Gegen das Gesetz hatten die Parlamentarier*innen der rechtspopulistischen Vox-Partei eine abstrakte Normenkontrolle zum spanischen Verfassungsgericht erhoben. Diese wies das Gericht mit den Stimmen von sieben Richter*innen nun umfassend zurück. Begleitet wurde das Urteil von einem ablehnenden Sondervotum von fünf Richter*innen.

Verfassungsrechtliches Umfeld

Das Verfassungsgericht fühlt sich bemüßigt, zunächst „einige allgemeine Überlegungen zum verfassungsrechtlichen Bezugsrahmen“ (S. 11) anzustellen. So verpflichte Art. 45 der spanischen Verfassung zwar den Staat auf einen Schutz der natürlichen Umwelt, lege aber nicht fest, auf welche Weise dieser Schutz juristisch bewerkstelligt werden kann.

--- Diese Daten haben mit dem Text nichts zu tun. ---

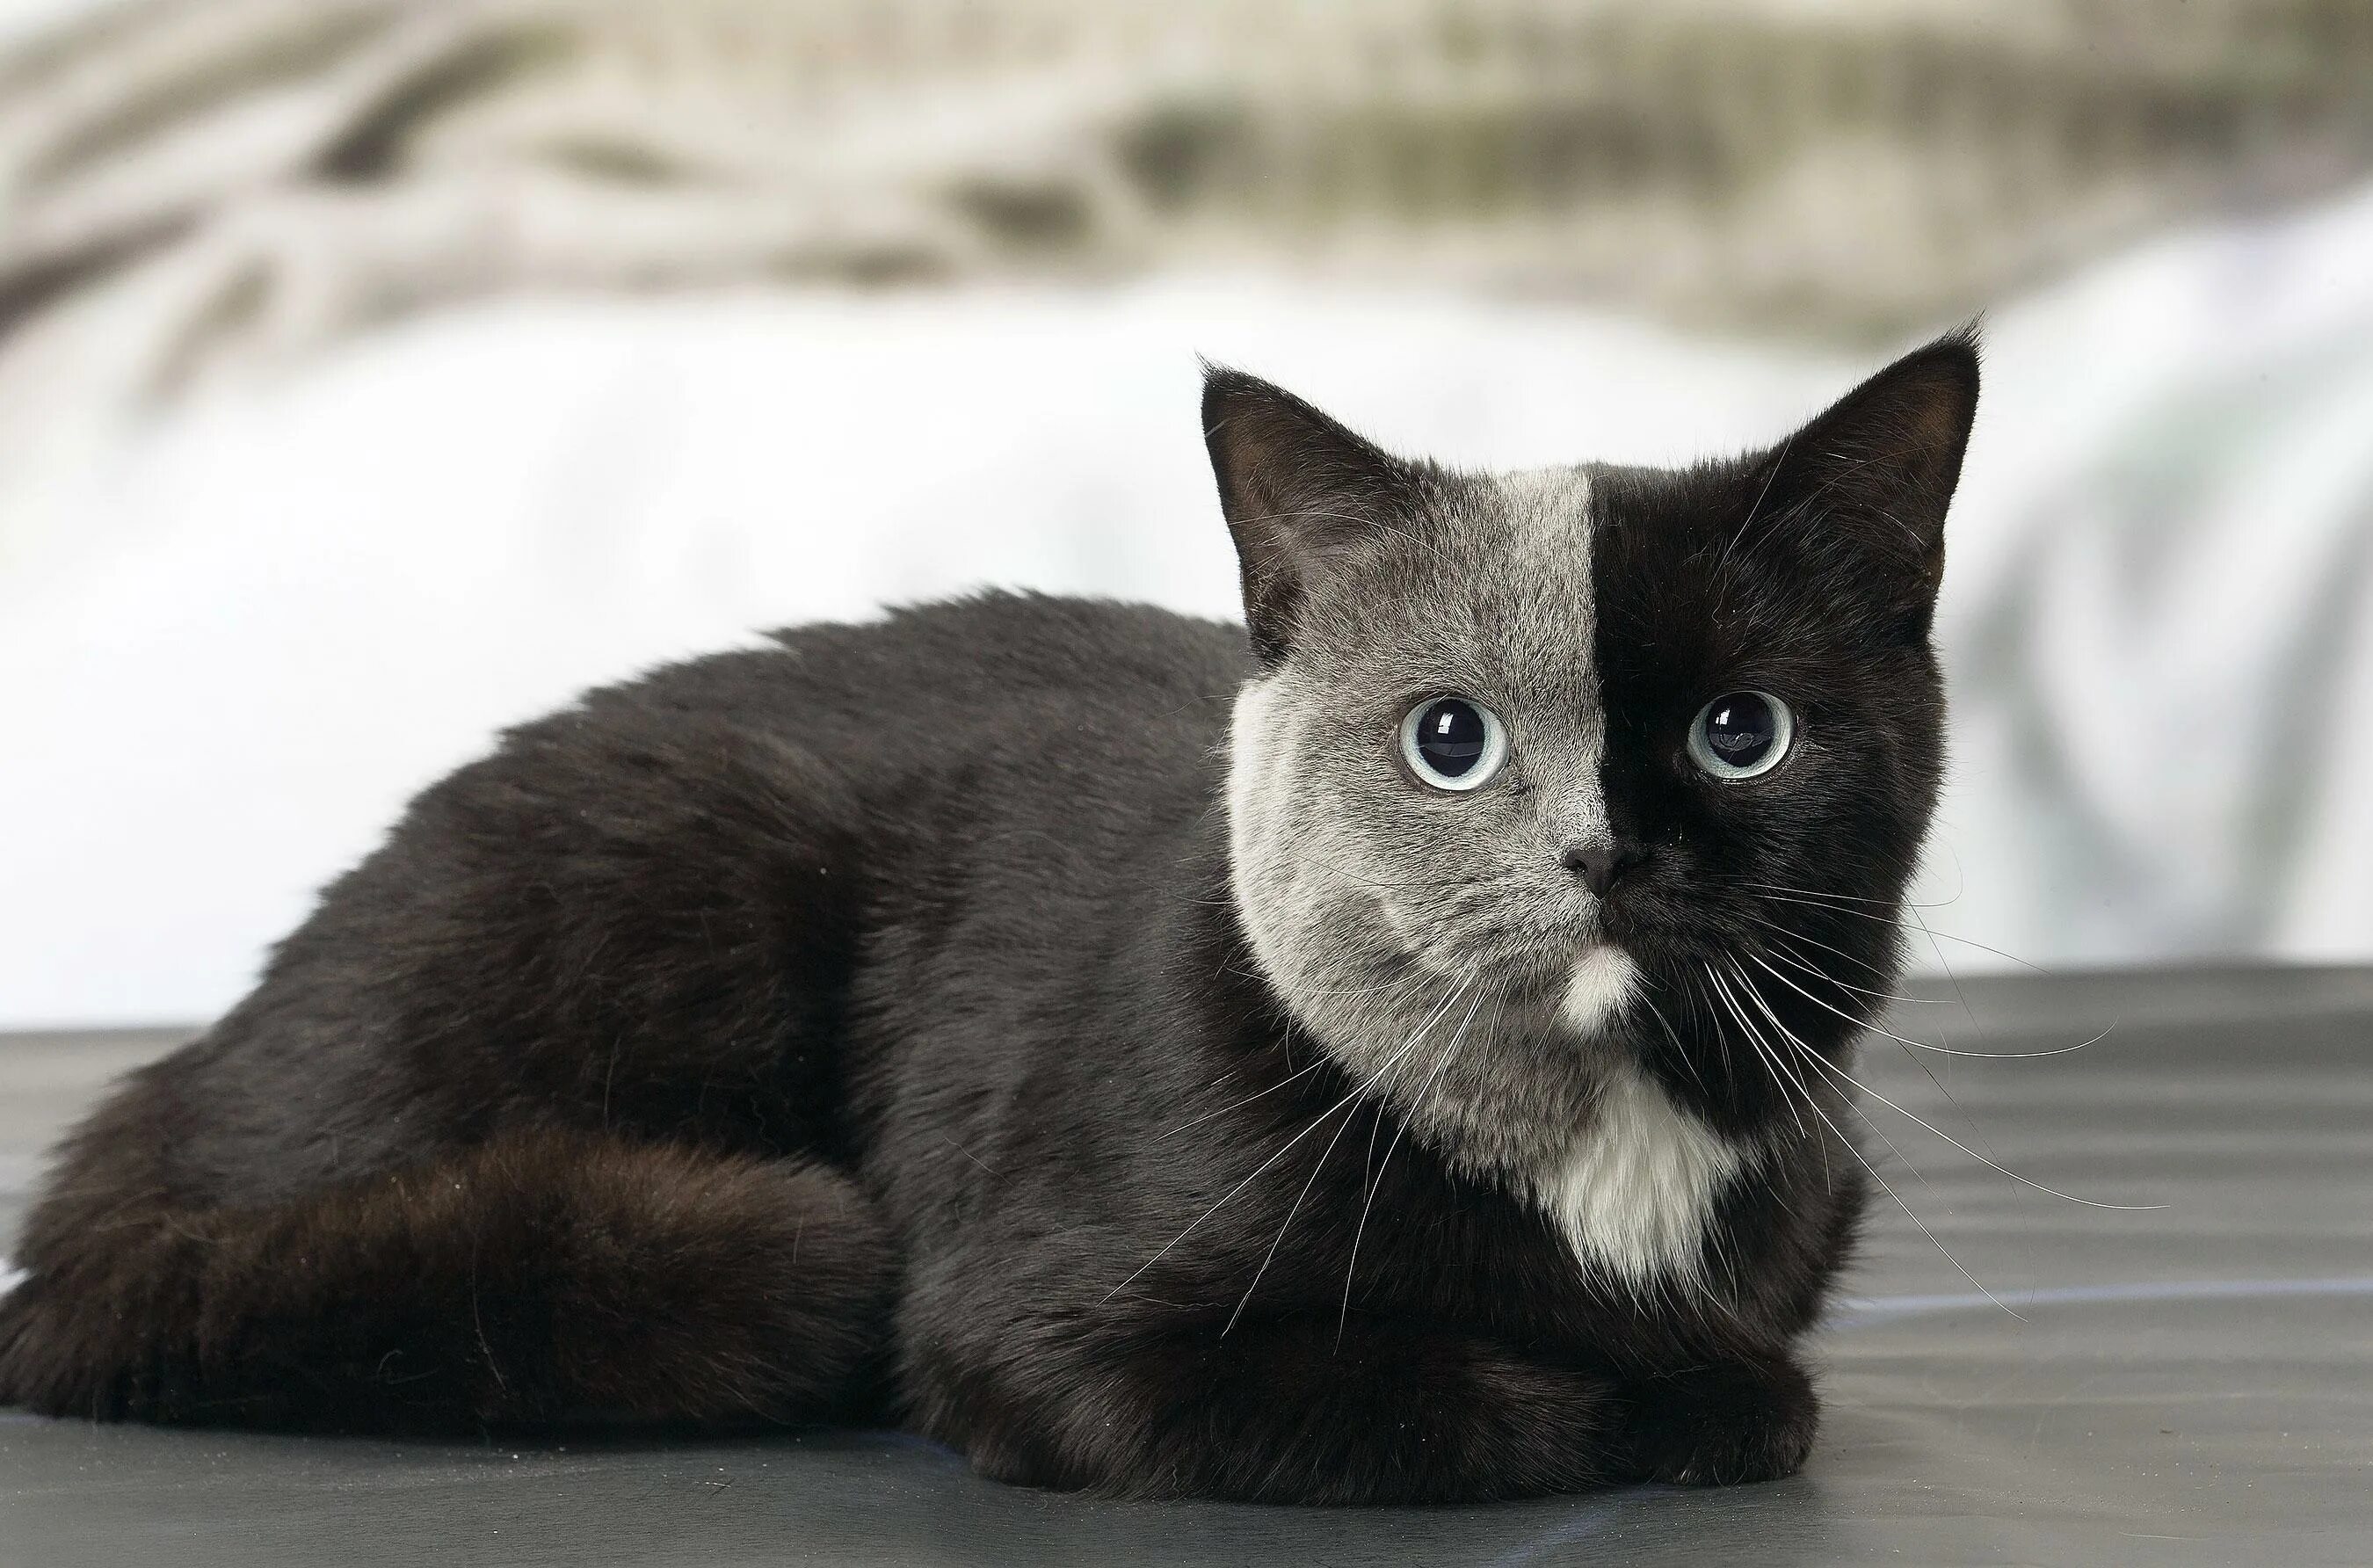 Породы кошек черно серого окраса. Британский короткошерстный кот биколор. Британская короткошёрстная кошка черная. Кошки породы Химера. Двуликая кошка Нарния.

Rechtsvergleichend sieht das spanische Verfassungsgericht in jüngerer Zeit eine verstärkte Anerkennung, dass das menschliche Wohlergehen auf eine intakte Umwelt angewiesen ist und bezieht sich hierfür auf das Klimaseniorinnen-Urteil des EGMR (S. 12). Ausgerechnet in „Art. 21 des Bonner Grundgesetz“ (gemeint ist offensichtlich Art. 20a GG) sieht es eine paradigmatische Ausprägung des „zeitgenössischen Umweltkonstitutionalismus“ (S. 12), der auch zukünftige Generationen einschließe, wie der Klimabeschluss des BVerfG anerkannt habe. Auch wenn das Verfassungsgericht im Folgenden zahlreiche Anerkennungen von Rechten der Natur aus dem Globalen Süden zitiert (S. 13), ist doch auffällig, dass der zeitgenössische Umweltkonstitutionalismus ausschließlich an europäischen Rechtsordnungen entfaltet wird, obwohl diese global hier keine Vorreiterrolle einnehmen (vgl. Gelinsky/Fuchs). Wie auch das Sondervotum herausarbeitet (S. 7 ff.), erfolgt der Rechtsvergleich recht eklektisch und ergebnisorientiert.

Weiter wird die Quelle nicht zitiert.